# Has anyone tried hypnotherapy?



## fleur de lis (Oct 10, 2011)

I seem to have very few childhood memories. During my therapy it all appears suposition working through the pieces of the jigsaw and making the connections. I feel sometimes it's hard to fully take ownership of how things are for me due to this lack of memory.

Has anyone else had similar experiences and has anyone tried hypnotherpy for it? Or anyhting else?


----------



## ntdc (Jun 29, 2011)

hypnotherapy did not work for me. it does work for some people however many practitioners are borderline con artists so you have to ferret out someone reputable. which is hard because its not really regulated or anything.


----------



## Christina123 (May 26, 2011)

I tried an iphone app It works for me in terms of getting me to sleep. My sleeping is so much better when I use it.


----------



## fleur de lis (Oct 10, 2011)

Yes, I think that's what bothers me, that I would go to some con artist with a big ego and get stuck in a strange place in my head or something. 

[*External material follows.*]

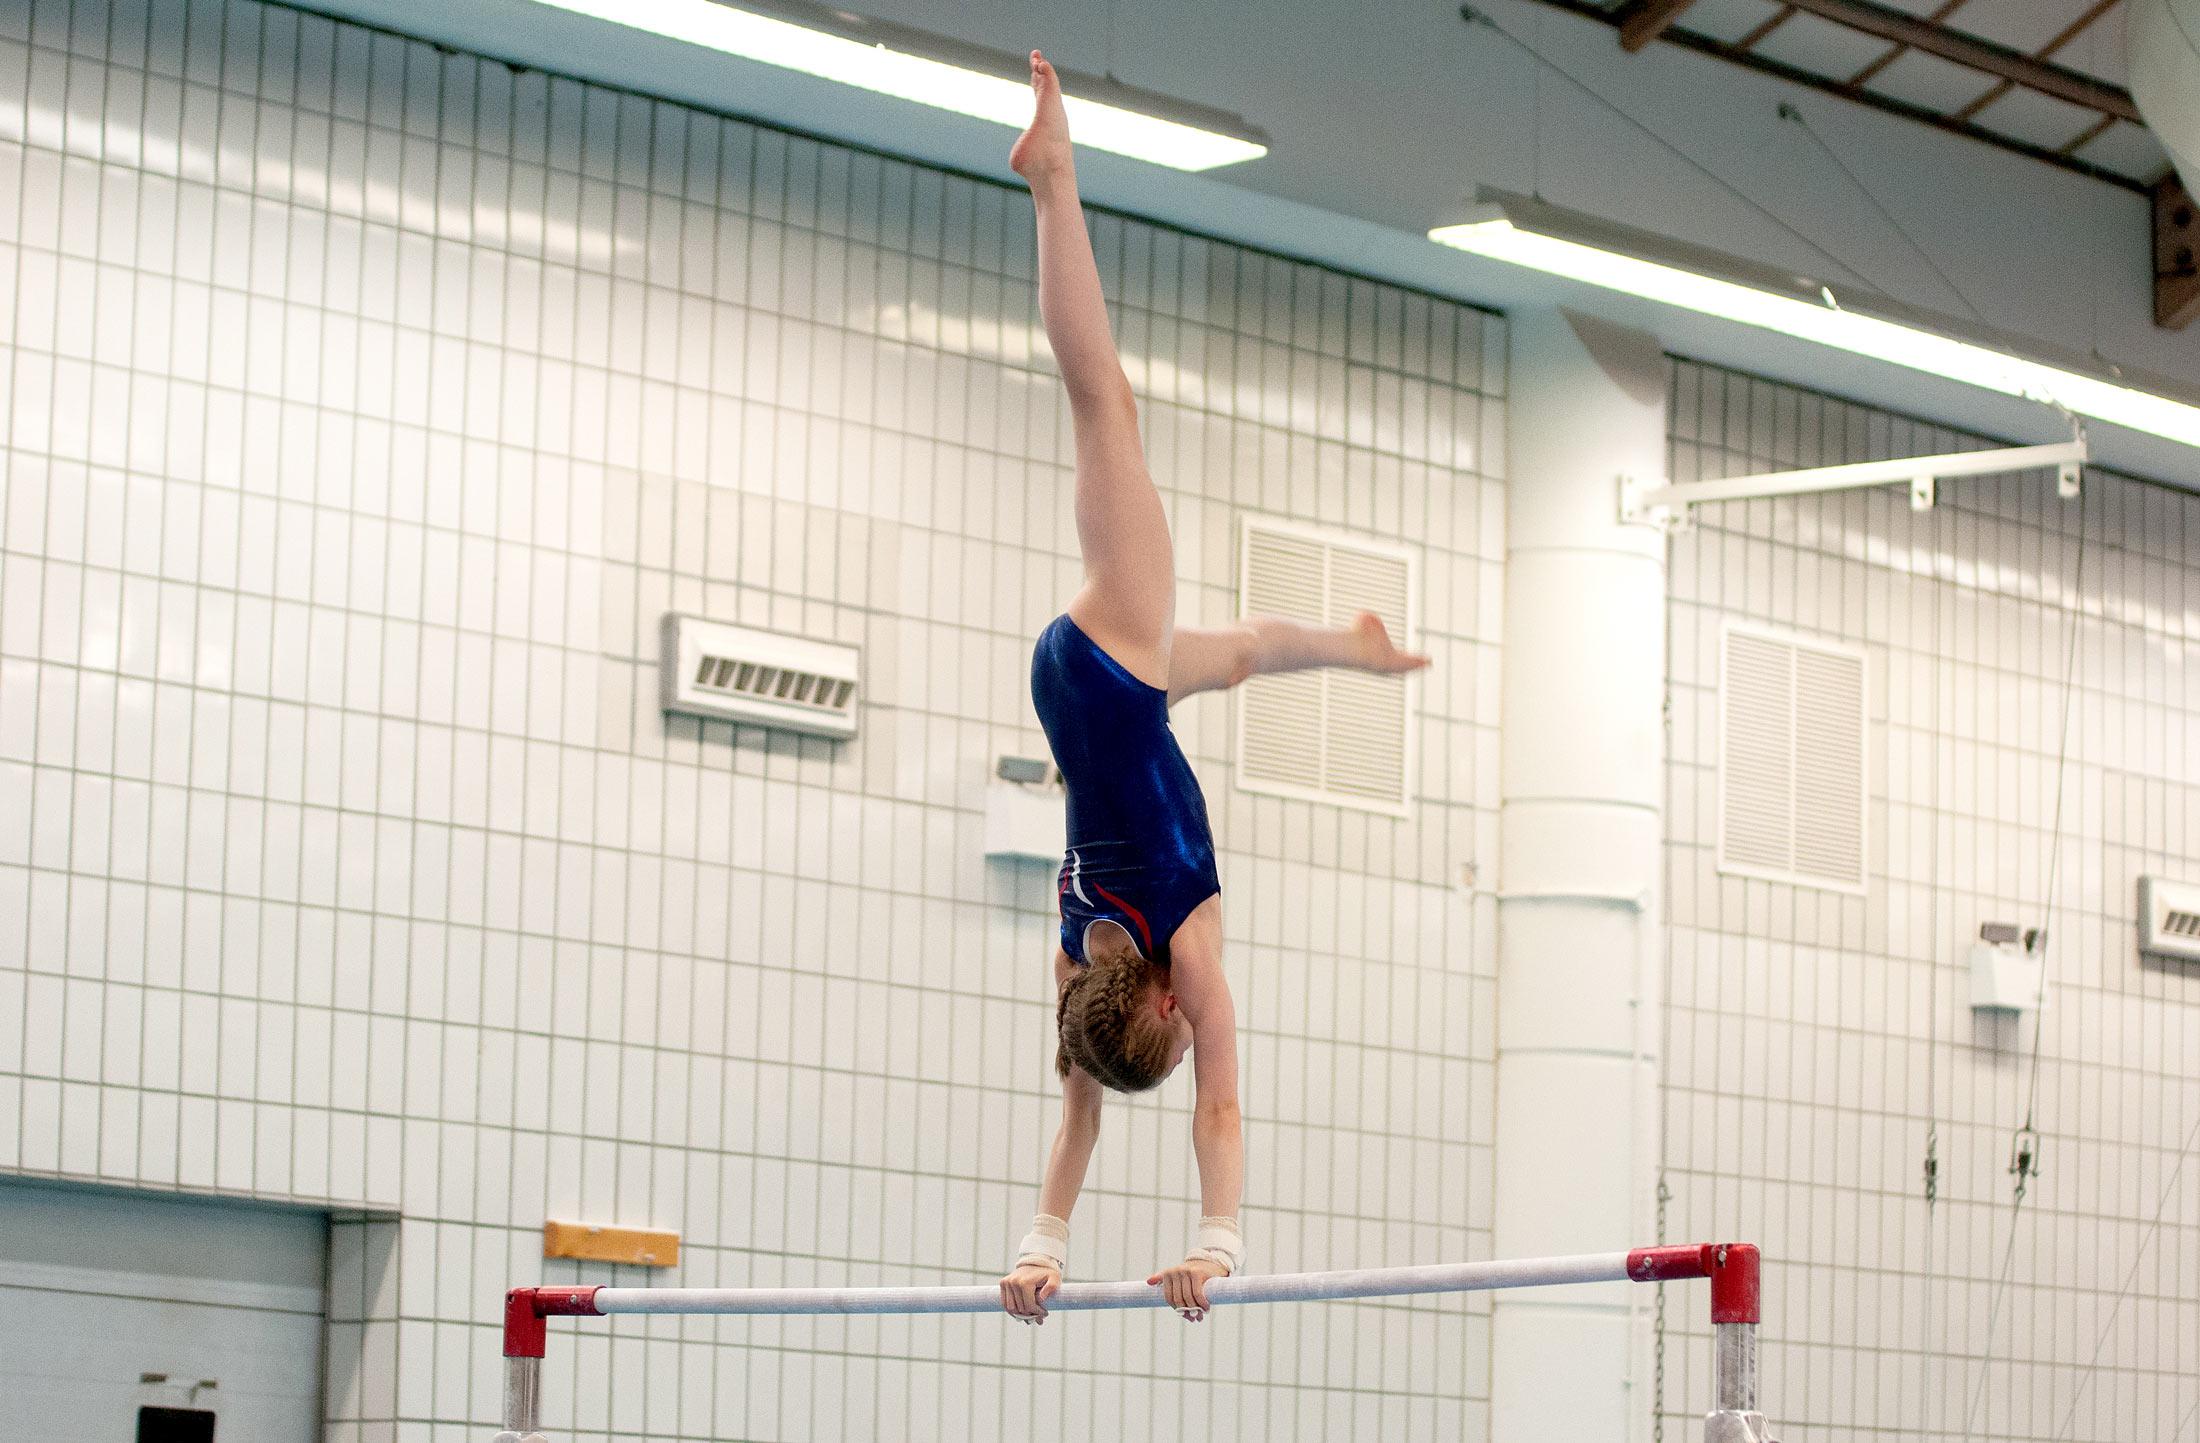 gymnast on asymmetric bars

I've never thought about using it for sleep issues which is a shocker because I have had really bad phases of poor sleep over the years, it could of really helped me for that.


----------



## AK32 (Sep 2, 2010)

No, but it is something I would try.


----------



## jamesreynolds499 (Jun 21, 2012)

My friend try hypnotherapy to get rid his addiction to cigarettes and I think it really works well.


----------



## Sierpinski (Jun 17, 2012)

I tried hypnotherapy, and it definitely worked for 9 days. I've also been trying self-hypnosis using a tape recorder, which gives me a lovely buzz for awhile. The problem is that I'm not using a script specifically for social avoidance. If I were to use one -- and use it over and over -- I might get a better result.


----------



## paulyD (Feb 16, 2011)

i beleive that to change any problem you need to combine a lot of things together. 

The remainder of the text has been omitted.